From the Guidelines
Muscular dystrophy is not typically diagnosed at birth. Most forms of muscular dystrophy are diagnosed during childhood or adolescence when symptoms such as muscle weakness, delayed motor development, or difficulty with physical activities become noticeable. According to a recent study published in 2024 1, the average age of diagnosis in the UK is around 4 years. Duchenne muscular dystrophy, one of the most common forms, is usually diagnosed between ages 3 and 6 when children show signs like trouble running, jumping, or climbing stairs. Some forms may be diagnosed later in life, even in adulthood. While newborn screening for muscular dystrophy is not routinely performed, early diagnosis can occur if there's a family history of the condition, prompting genetic testing, as suggested by a study published in 2010 1. Diagnosis typically involves a combination of clinical evaluation, blood tests for muscle enzymes like creatine kinase, genetic testing, muscle biopsies, and electromyography. The progressive nature of muscular dystrophy means symptoms develop gradually over time rather than being present at birth, which is why diagnosis usually occurs when developmental delays or muscle weakness become apparent.

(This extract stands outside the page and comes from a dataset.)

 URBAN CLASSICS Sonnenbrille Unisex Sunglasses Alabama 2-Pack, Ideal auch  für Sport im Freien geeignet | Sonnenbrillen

Key points to consider in the diagnosis of muscular dystrophy include:
- Clinical evaluation and medical history
- Blood tests for muscle enzymes like creatine kinase
- Genetic testing
- Muscle biopsies
- Electromyography
- Referral to specialized multidisciplinary follow-up, as recommended by a study published in 2010 1
- Genetic counseling for at-risk female family members
It's essential to note that early diagnosis and intervention can significantly impact the quality of life and morbidity of patients with muscular dystrophy, highlighting the importance of prompt recognition and referral to specialized care.
From the Research
Diagnosis of Muscular Dystrophy
- Muscular dystrophy is not typically diagnosed at birth, as the symptoms often develop gradually and may not be apparent until later in childhood 2.
- The earliest features of muscular dystrophy may be difficult to identify and determine, but established disease is characterized by muscle weakness and wasting 2.

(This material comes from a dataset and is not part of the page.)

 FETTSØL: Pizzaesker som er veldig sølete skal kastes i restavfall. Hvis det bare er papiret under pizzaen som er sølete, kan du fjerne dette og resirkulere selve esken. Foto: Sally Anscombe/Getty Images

- Diagnosis of muscular dystrophy often involves a combination of clinical evaluation, genetic testing, and laboratory tests such as serum creatine kinase levels 2, 3.
Timing of Diagnosis
- Duchenne muscular dystrophy, the most common form of muscular dystrophy, is often diagnosed in early childhood, typically between the ages of 2 and 5 years 4, 5.
- Other forms of muscular dystrophy may be diagnosed later in childhood or even in adulthood, depending on the specific type and severity of the disease 2, 3.
Diagnostic Methods
- Genetic testing, including next-generation sequencing (NGS), is a useful tool for diagnosing muscular dystrophy and identifying the underlying genetic mutation 6.
- Other diagnostic methods, such as muscle biopsy and serum creatine kinase levels, may also be used to support a diagnosis of muscular dystrophy 2, 3.